YOUR TASK: The data below should be restated word for word, with every picture omitted.

DATA EXCERPT:
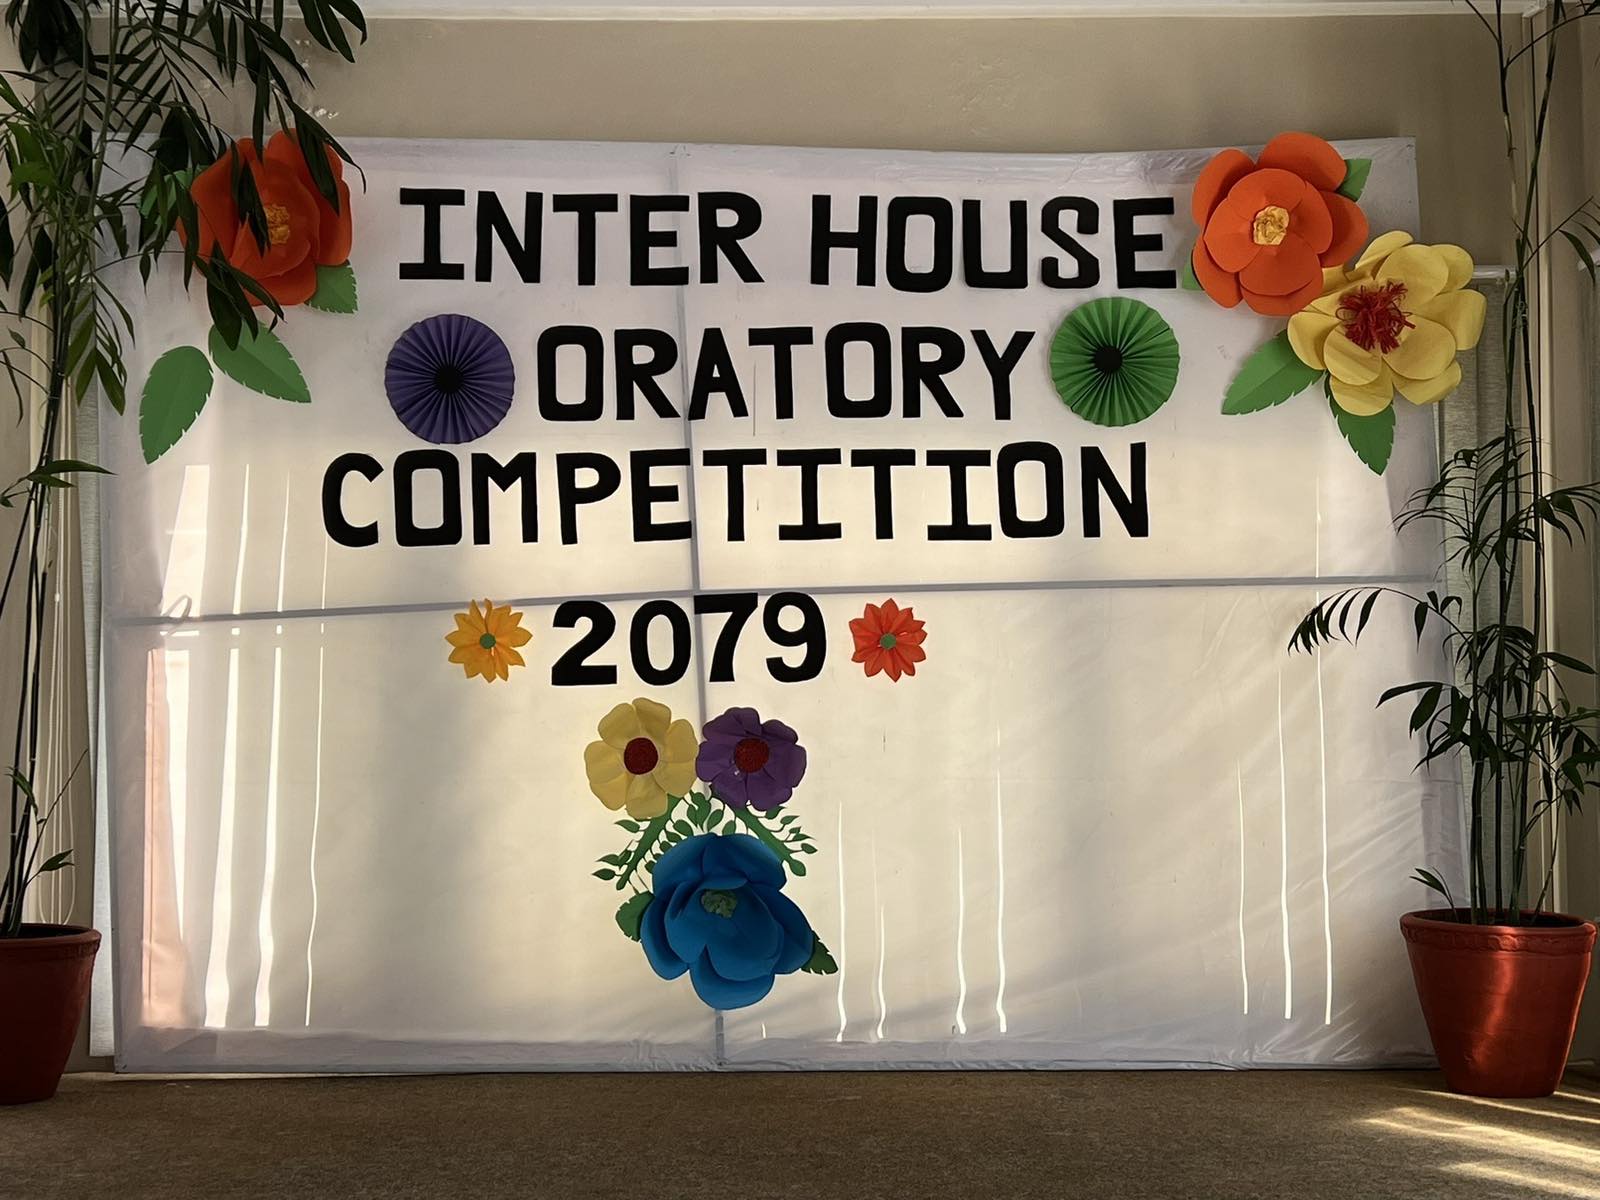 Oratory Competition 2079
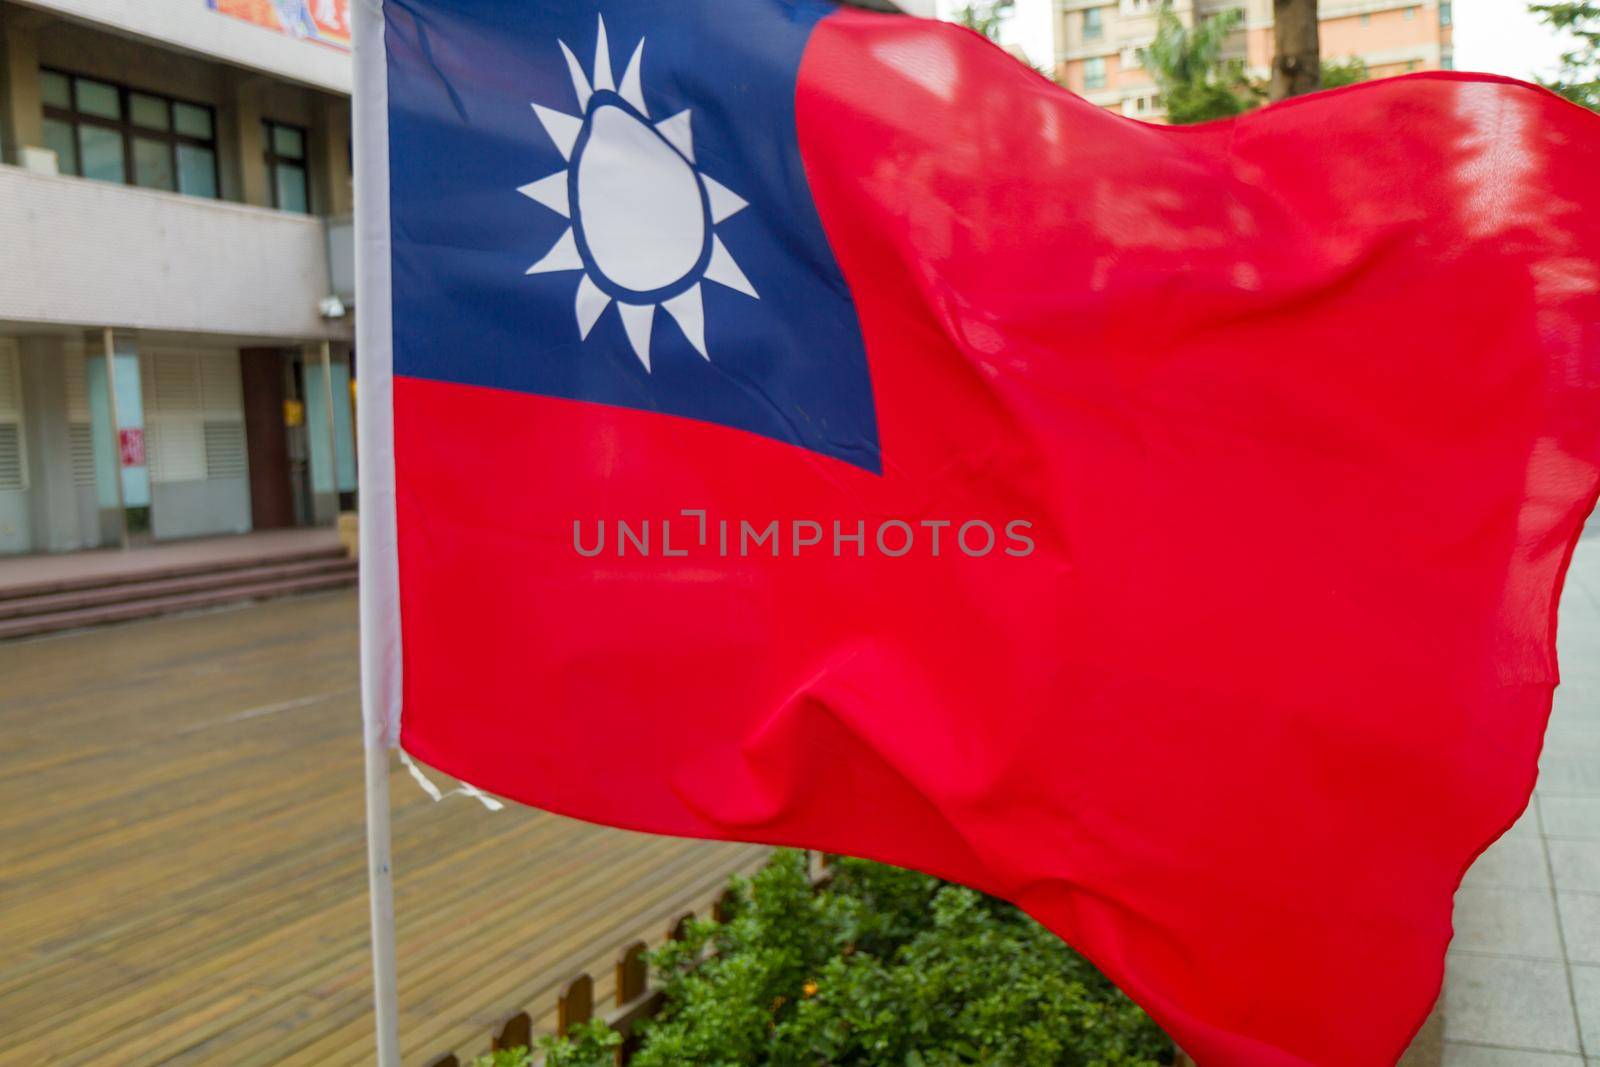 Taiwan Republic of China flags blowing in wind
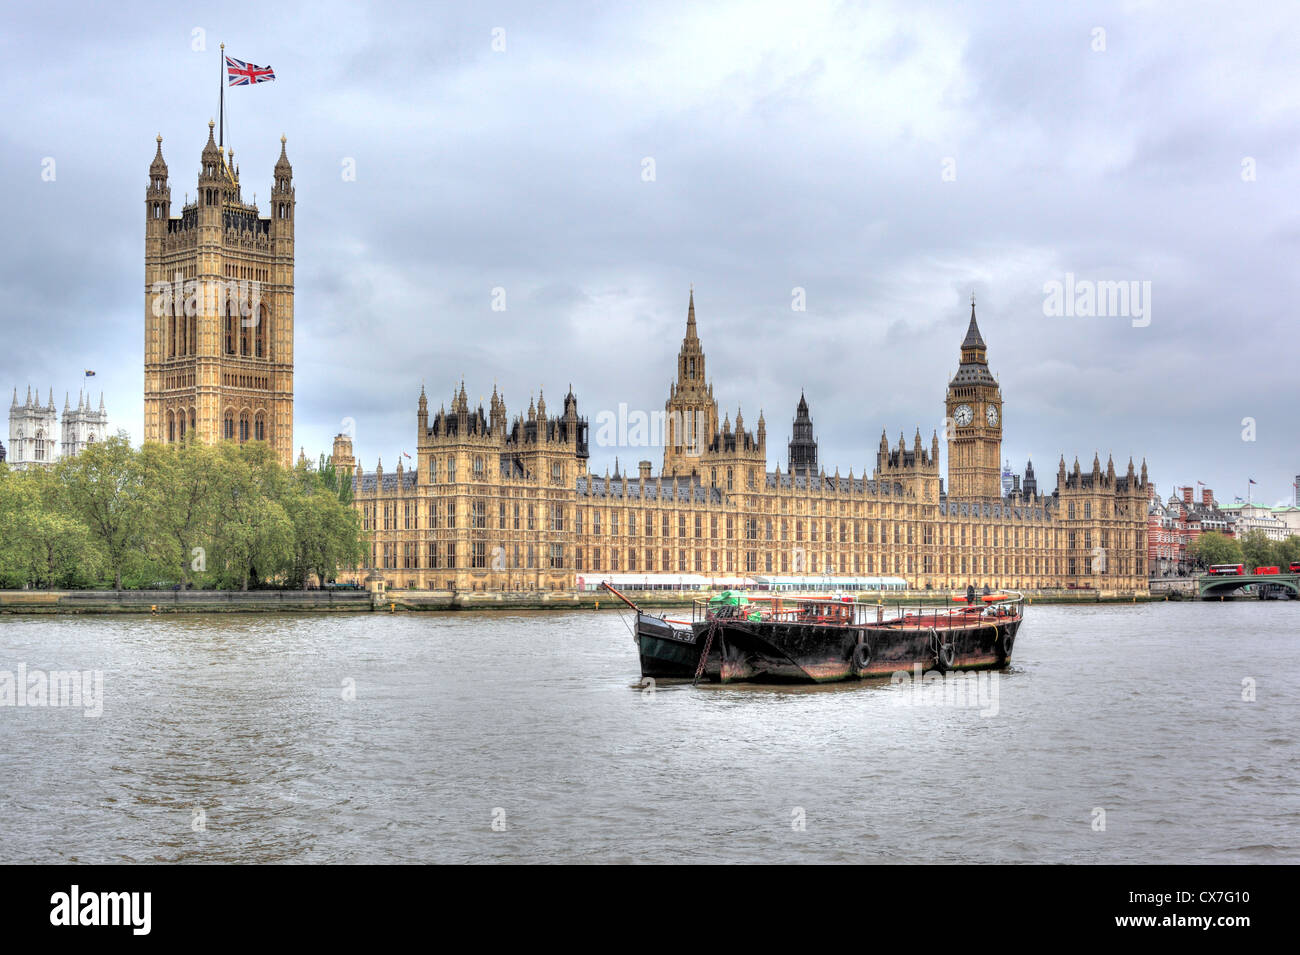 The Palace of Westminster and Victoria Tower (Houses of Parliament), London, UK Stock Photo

ANSWER AREA:
 Oratory Competition 2079
 Taiwan Republic of China flags blowing in wind
 The Palace of Westminster and Victoria Tower (Houses of Parliament), London, UK Stock Photo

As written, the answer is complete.